Phosphor Coating by Dip Coating

What Is Dip Coating

Dip coating is a technique in which the entire LED chip or COB substrate is immersed in a phosphor slurry and then withdrawn at a constant speed to form a uniform coating layer on the surface.

Although the process itself is structurally simple, precise control of parameters such as withdrawal speed, liquid viscosity, surface tension, and solvent evaporation rate makes it possible to achieve highly uniform coatings.

Applicability to High-Density Structures Such as COB Substrates

When LED chips are mounted at high density, as in COB substrates, achieving uniform phosphor coating on each individual chip requires a higher level of process control.

In COB substrates, coating is often applied simultaneously to the entire substrate or to multiple chip regions, which introduces challenges such as coating runoff into narrow gaps between chips or uneven deposition on chip top surfaces.
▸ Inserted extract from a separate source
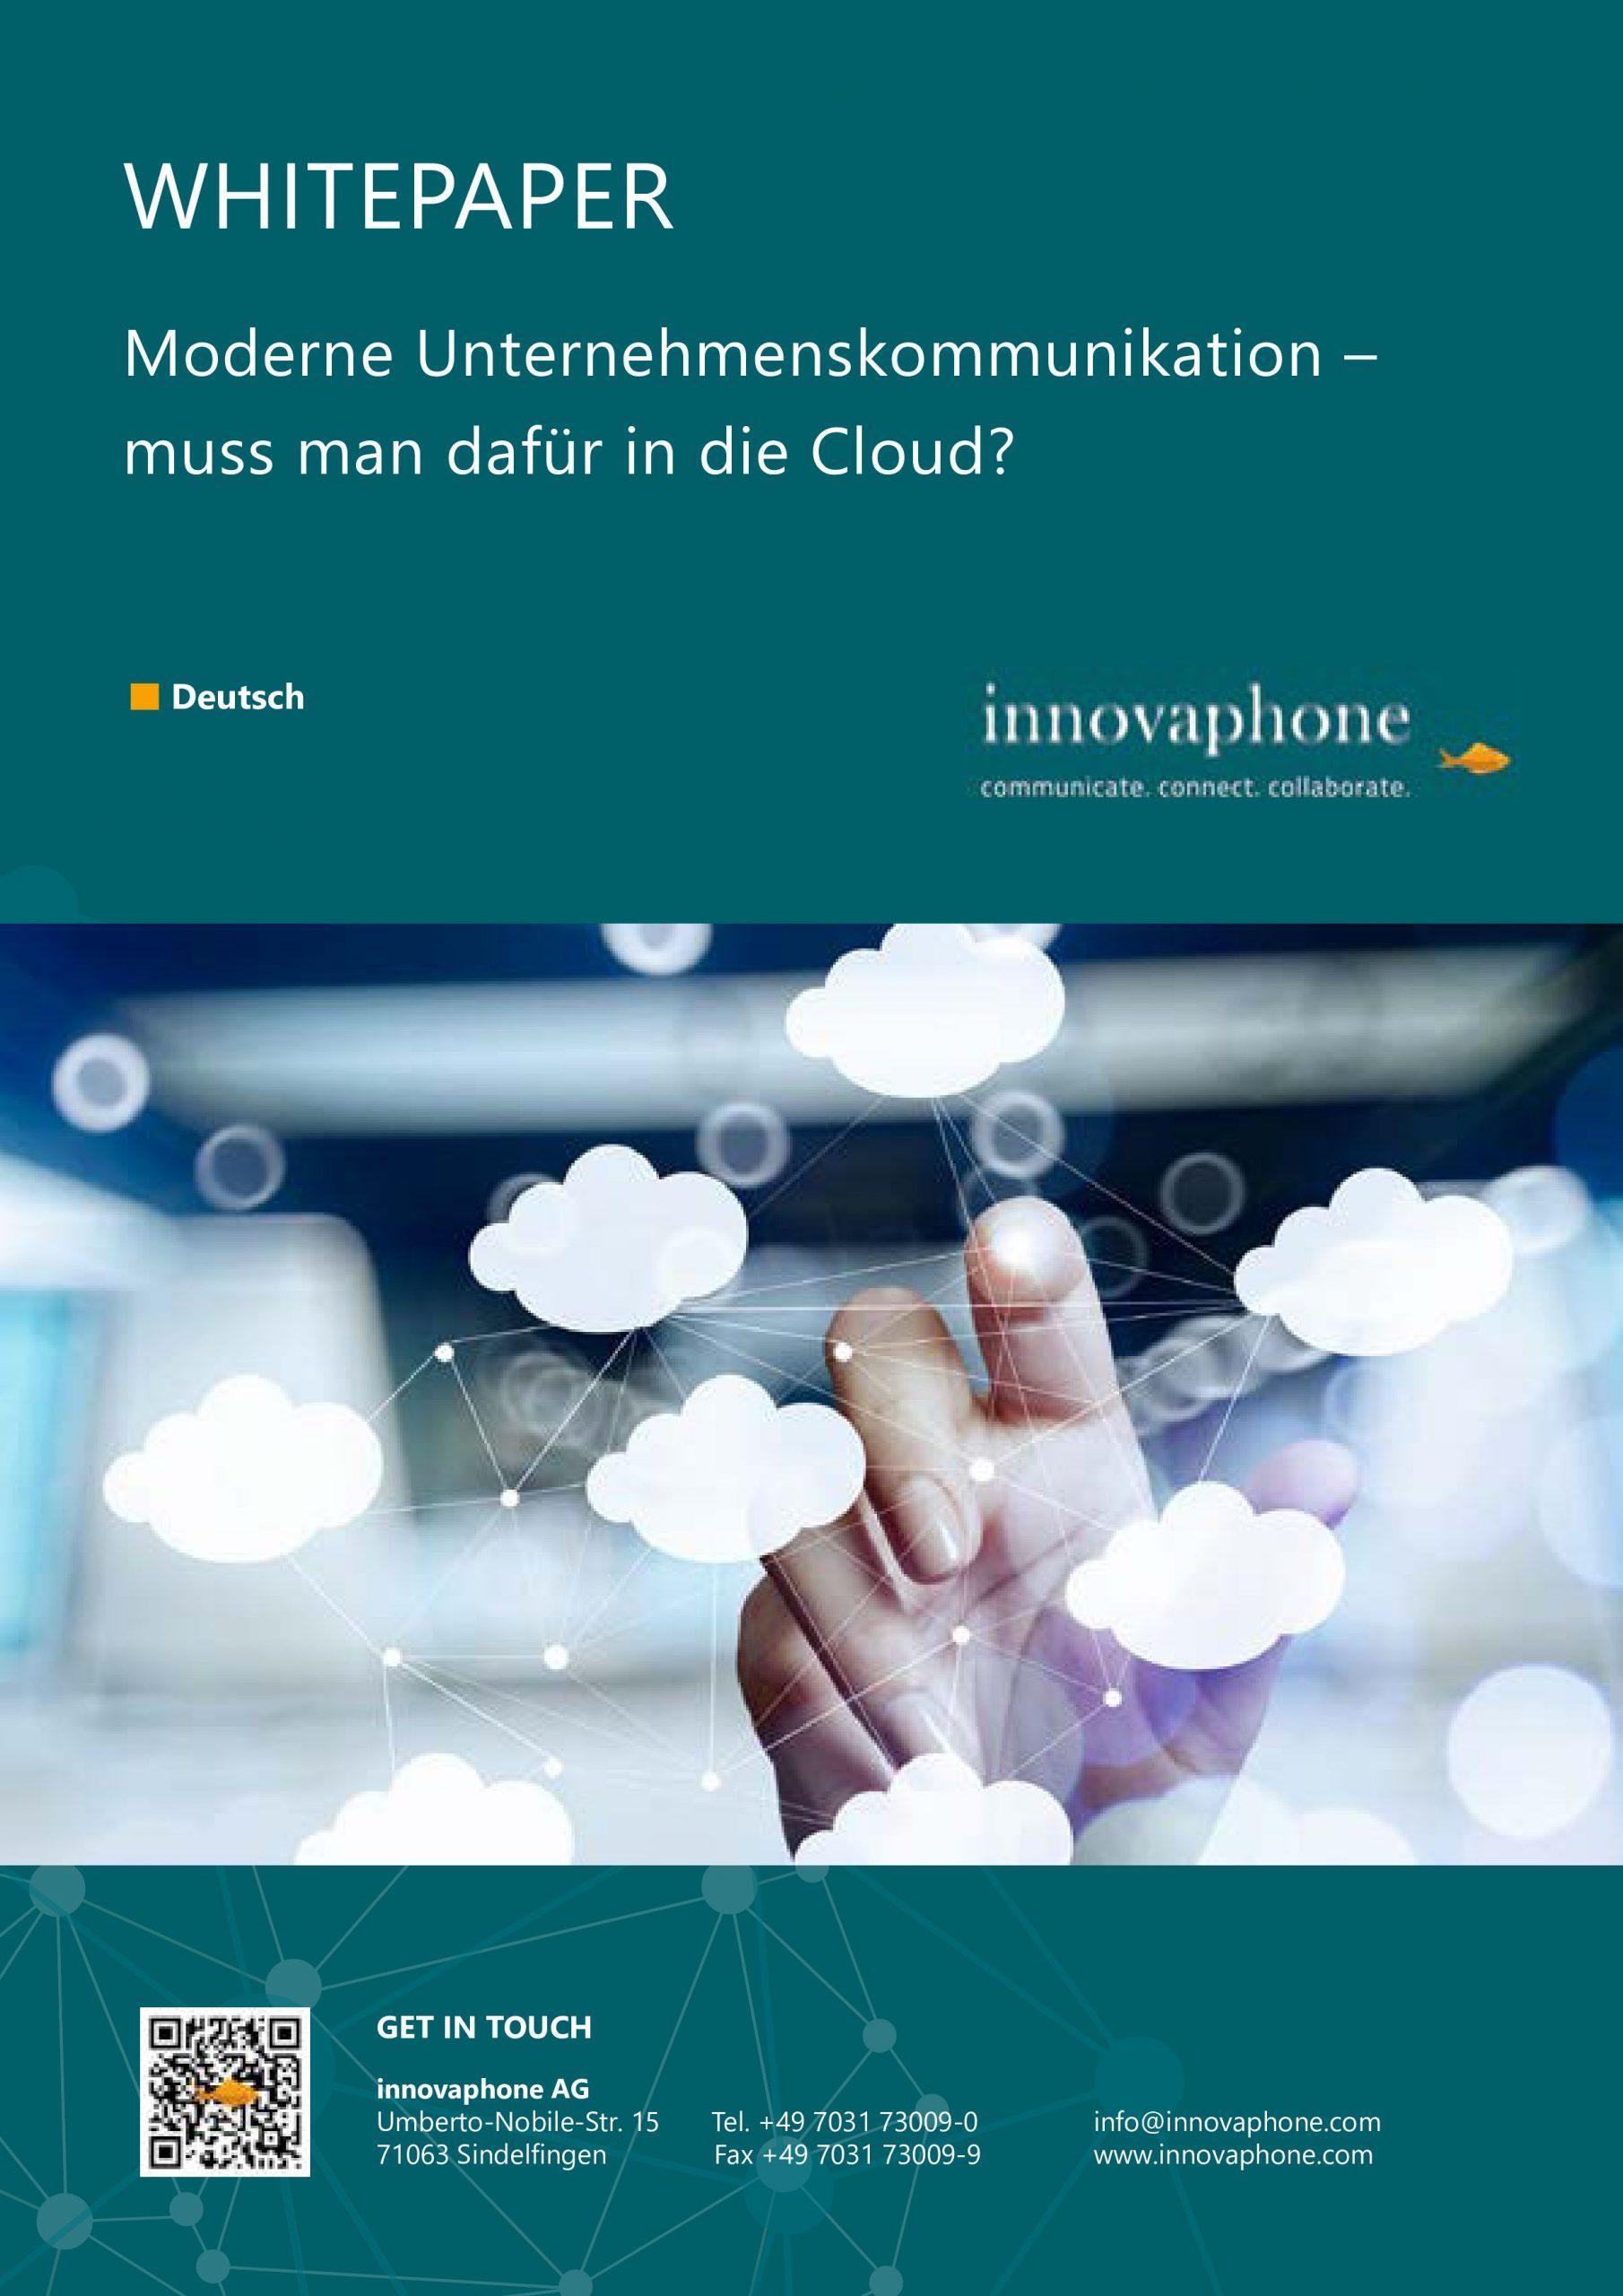 Whitepaper: Moderne Unternehmenskommunikation

Dip coating addresses these challenges by controlling the timing of solvent evaporation. This helps prevent coating runoff and step formation while allowing the slurry to naturally flow into narrow gaps between LED chips.

For this reason, dip coating is increasingly being adopted for high-density structures such as COB substrates.

Summary

High-quality light emission from LED lighting strongly depends on the uniformity of the phosphor coating. Non-uniform coatings cause color variation and luminance unevenness, which degrade overall optical quality.

To address these issues, advanced coating techniques such as dip coating are applied to achieve uniform phosphor layers, even on densely structured substrates like COB boards.

Establishing these coating mechanisms is essential for maximizing the inherent performance of LEDs and forms the foundation for stable, high-quality lighting in everyday applications.